# What is this bike?



## schwinnman67 (Nov 7, 2021)

I won this in a raffle at the Old Bikes Club swap meet and trying to figure out what it was. 
I'm sure it was a midweight (has 26x2.125 tire on it and they rub the fender braces) and
is most likely 60's. 

Any ideas???


----------



## Archie Sturmer (Nov 7, 2021)

AMF based on the forward-facing rear fork ends and stars chain ring sprocket.


----------



## ogre (Nov 7, 2021)

Awesome sprocket!


----------



## Oilit (Nov 7, 2021)

I'm with @Archie Sturmer, it's AMF and I think "K" is 1960.


----------



## phantom (Nov 7, 2021)

I would say AMF as well from the sprocket.
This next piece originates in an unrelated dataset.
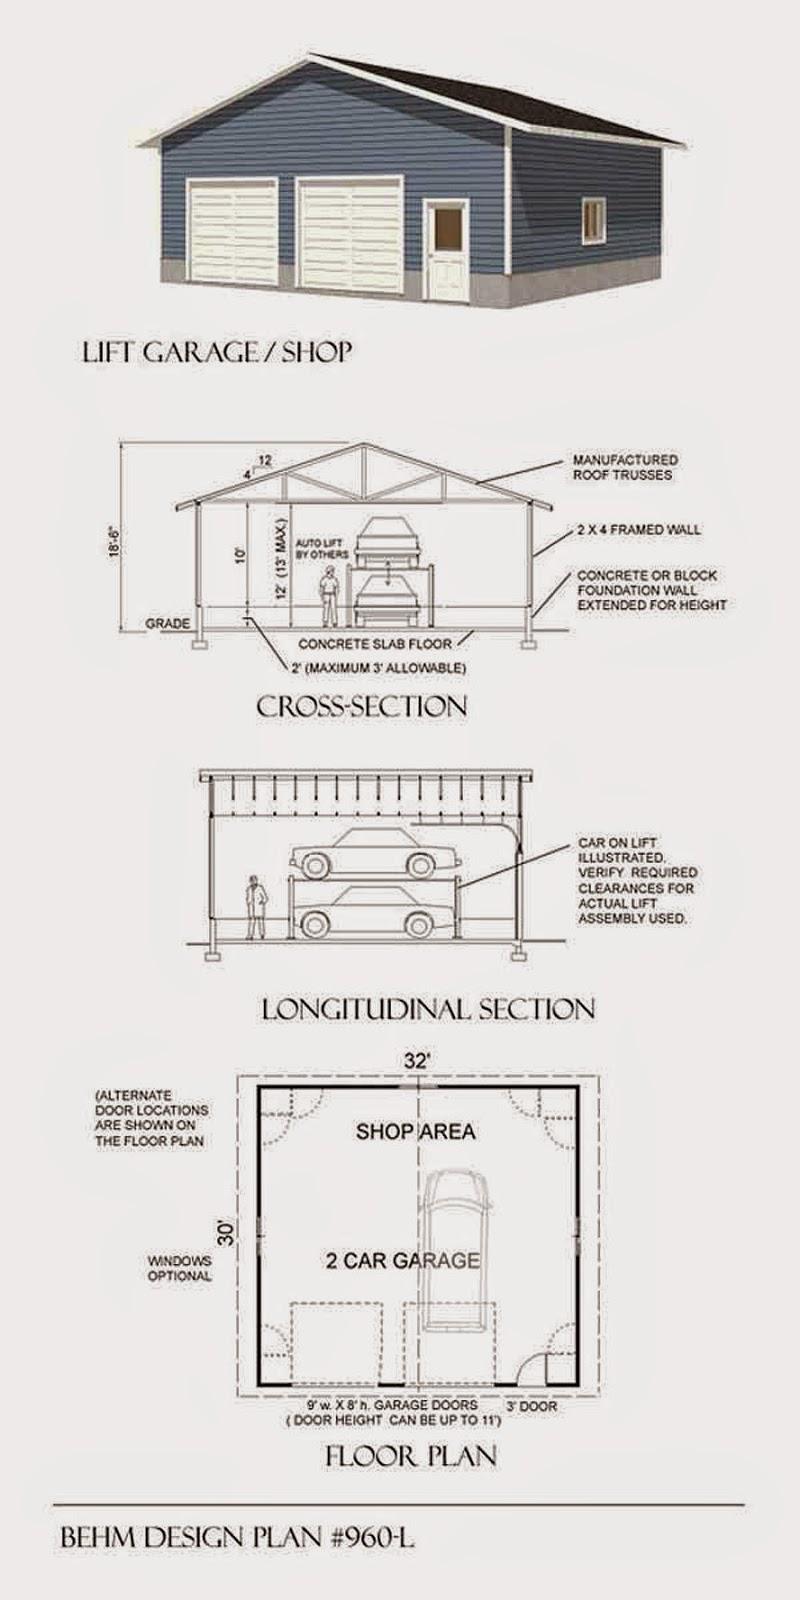 Garage plans blog behm design garage plan examples for Car lift plans

I also believe the front fender is mounted backwards.


----------



## Adamtinkerer (Nov 13, 2021)

Yes, K = 1960.


----------



## razinhellcustomz (Nov 13, 2021)

Archie Sturmer said:


> AMF based on the forward-facing rear fork ends and stars chain ring sprocket.





schwinnman67 said:


> I won this in a raffle at the Old Bikes Club swap meet and trying to figure out what it was.
> I'm sure it was a midweight (has 26x2.125 tire on it and they rub the fender braces) and
> is most likely 60's.
> 
> ...



Cool old Roadmaster.. So what are your plans for this bike? Nice score.. RideOn... Razin..


----------



## schwinnman67 (Nov 15, 2021)

Thanks everyone for the help. 
I'm most likely going to donate it back to the Old Bikes Club in the spring and let them raffle it again.


----------



## razinhellcustomz (Nov 15, 2021)

schwinnman67 said:


> Thanks everyone for the help.
> I'm most likely going to donate it back to the Old Bikes Club in the spring and let them raffle it again.



OKay Crankshaft.. Thanks for sharing... Razin..


----------